100.0% of residents lived in urban areas, while 0.0% lived in rural areas.

===Income and poverty===
The median income for a household in the village was $113,467, and the median income for a family was $122,729. Males had a median income of $73,512 versus $50,719 for females. The per capita income for the village was $49,263. About 2.7% of families and 3.9% of the population were below the poverty line, including 4.8% of those under age 18 and 1.8% of those age 65 or over.
==Government==
The village of Lake Zurich is headed by Village Mayor Thomas Poynton, who was reelected in 2017, and originally won a seat on the village board as Trustee in 2007.

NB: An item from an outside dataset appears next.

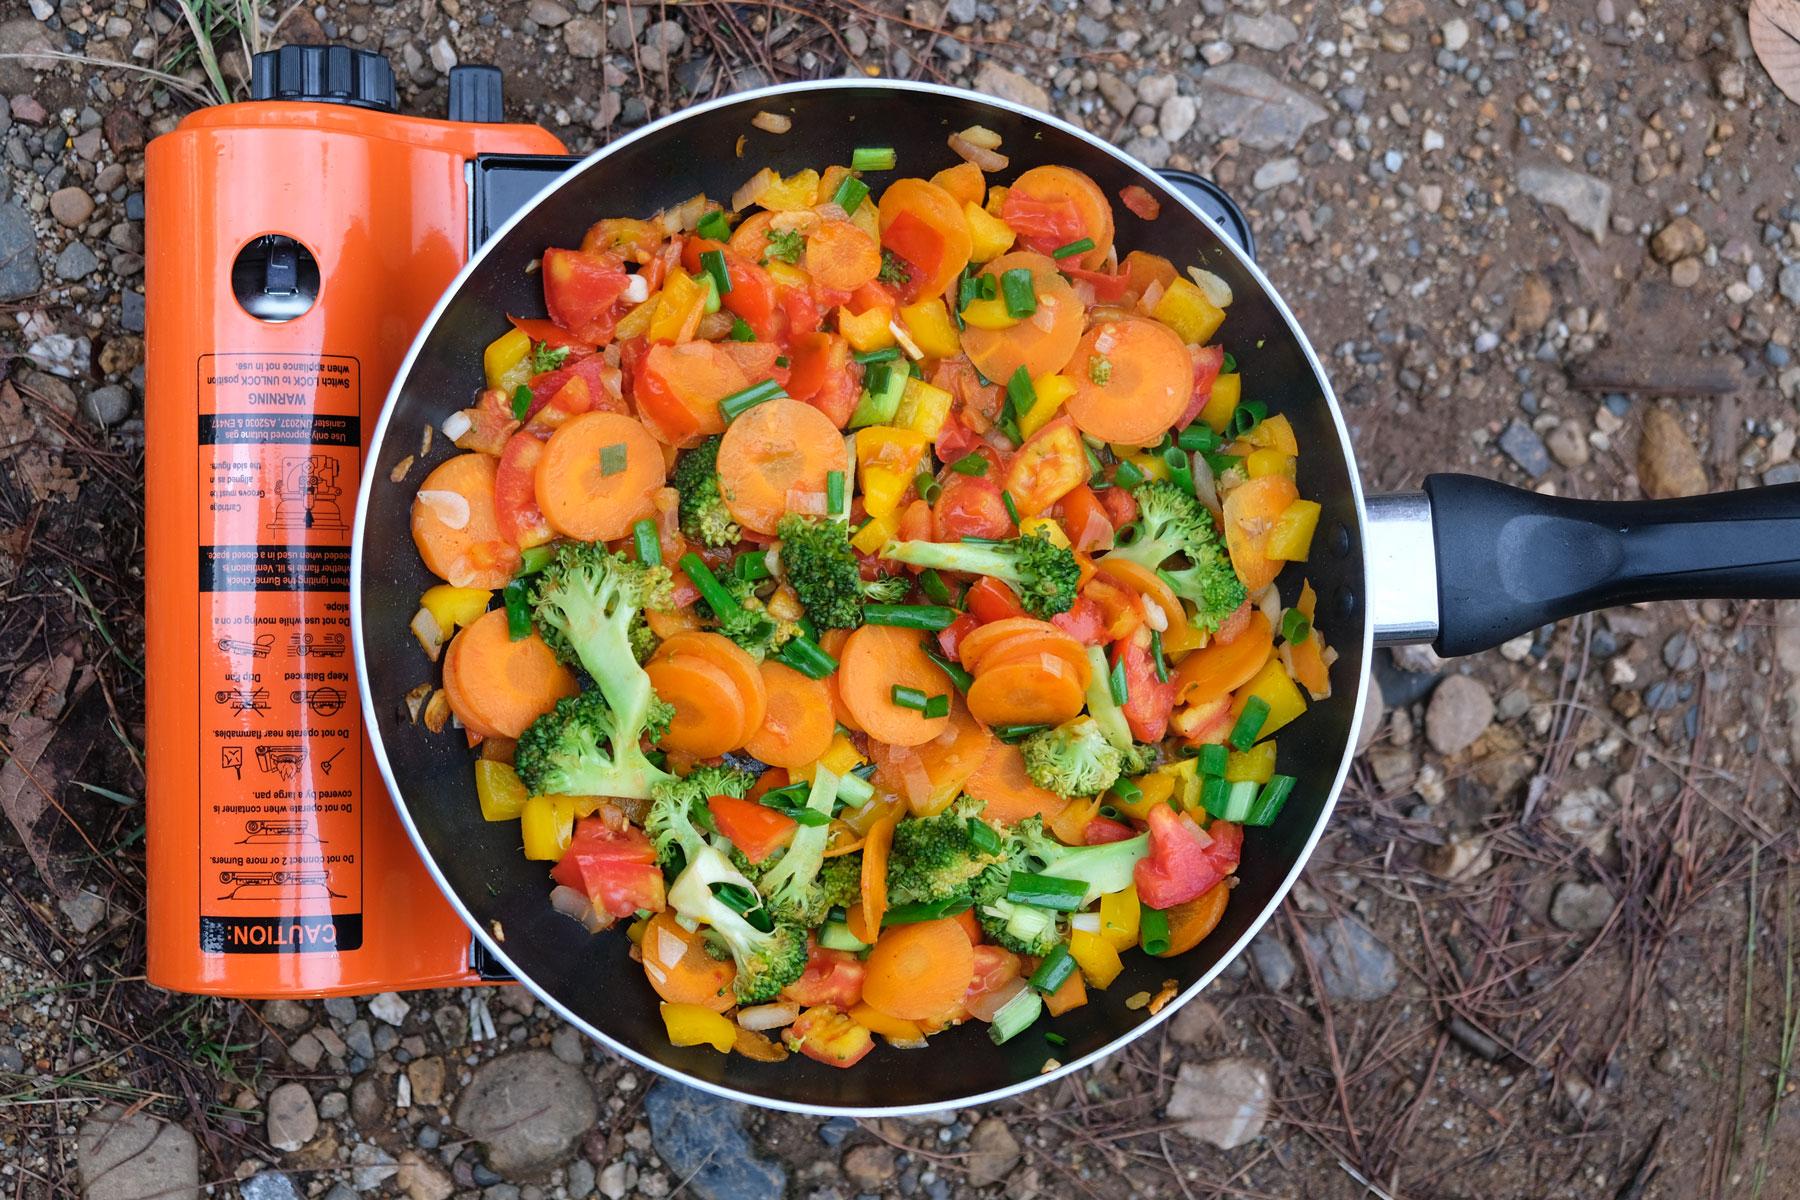 Eine Pfanne mit buntem Gemüse auf einem Campingkocher.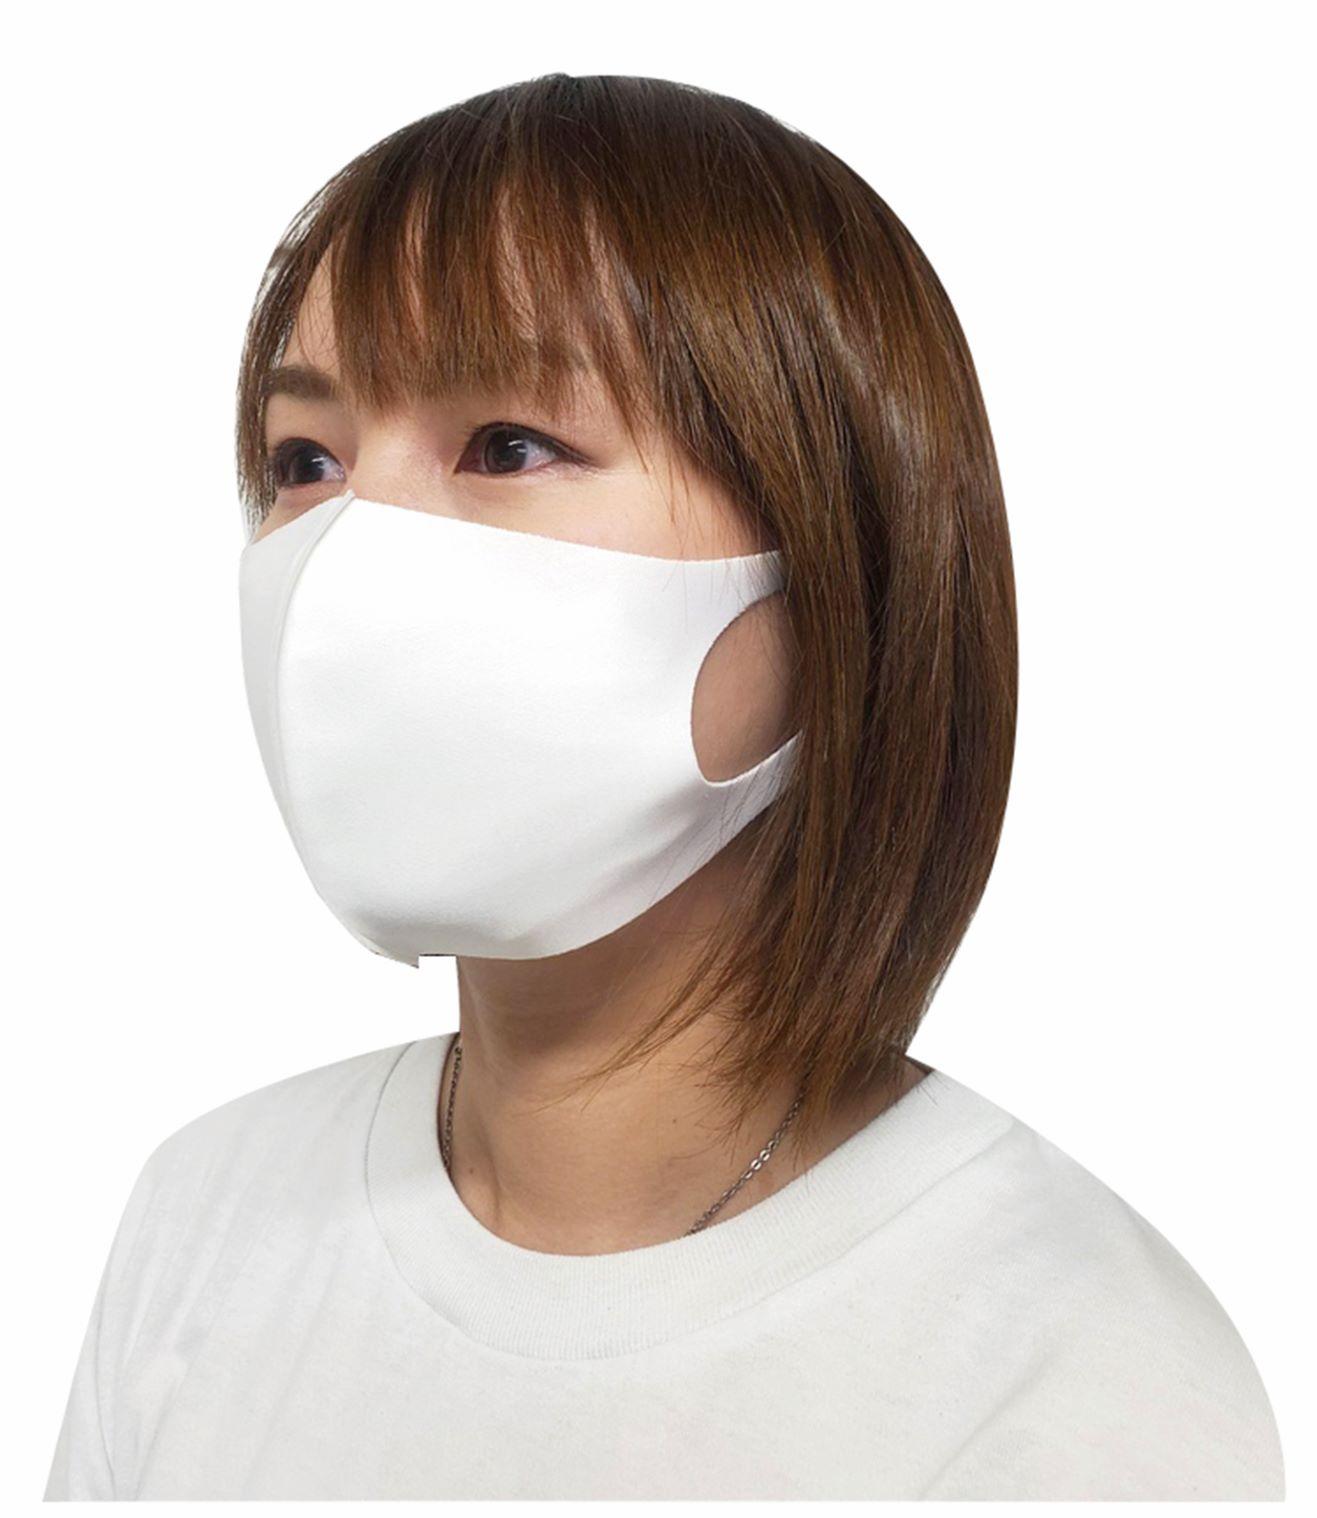 クールフィットマスク 3枚入 ホワイト

The village has a six-member Board of Trustees: Sujatha Bharadwaj (elected 2025), Jake Marx was (elected 2025), Marc Spacone (elected 2015), Roger Sugrue (elected 2023), William Riley (elected 2023), Greg Weider (elected 2017).

==Education==

===Public schools===
Public schools are managed by the Lake Zurich Lake Zurich Community Unit School District 95. A small section of east Lake Zurich is served by Kildeer Countryside Community Consolidated School District 96 and Consolidated High School District 125.

Elementary schools (K-5):
- Isaac Fox
- Sarah Adams
- Seth Paine
- Spencer Loomis
- May Whitney (also Pre-K)

Until 2009, Charles Quentin Elementary School was also a school in the district, located in nearby Kildeer, that served students in Kildeer, parts of Deer Park and a small part of Lake Zurich, but it closed due to the small total number of students attending it. The district was remapped and students attending Charles Quentin were assigned to various other schools. The site of the former Charles Quentin school became a large part of the retail shopping center known as Kildeer Village Square.

Middle schools (6–8):
- Lake Zurich Middle School South (takes students from Fox and Adams and took students from the former Quentin School, also takes Whitney students)
- Lake Zurich Middle School North (takes students from Paine, Loomis and Whitney)

High school (9–12):
- Lake Zurich High School

Non-Lake Zurich schools:
- Willow Grove Kindergarten Center (K) (in Buffalo Grove)
- Kildeer Countryside Elementary School (1–5) (in Long Grove)
- Woodlawn Middle School (6–8) (in Long Grove)
- Adlai E. Stevenson High School (9–12) (in Lincolnshire)

===Private schools===
- St. Francis de Sales (Catholic) (Preschool-8)
- St. Matthew (Lutheran) (K-8)
- Quentin Road Christian School (Baptist) (K-12)

===Library===
Ela Area Public Library

==Popular culture==
Lake Zurich is the hometown of Sandra Bullock's character Dr. Ryan Stone in the 2013 science fiction film Gravity.

==Notable people==

- Matt Blanchard, former National Football League player
- Leo Burnett, founder of the advertising company that would become Leo Burnett Worldwide
- Anthony Castonzo, former offensive tackle for Indianapolis Colts
- Bob Parsons, former National Football League player
- Al Salvi, former Illinois state legislator and 1996 Republican U.S. Senate nominee
- Jack Sanborn, current National Football League player for the Dallas Cowboys, formerly for the Chicago Bears
- Phoebe Snetsinger, notable birdwatcher; raised in Lake Zurich and daughter of Leo Burnett
- Matt Svanson, current pitcher in the St. Louis Cardinals organization
- Justin Tranter, songwriter and singer for Semi Precious Weapons.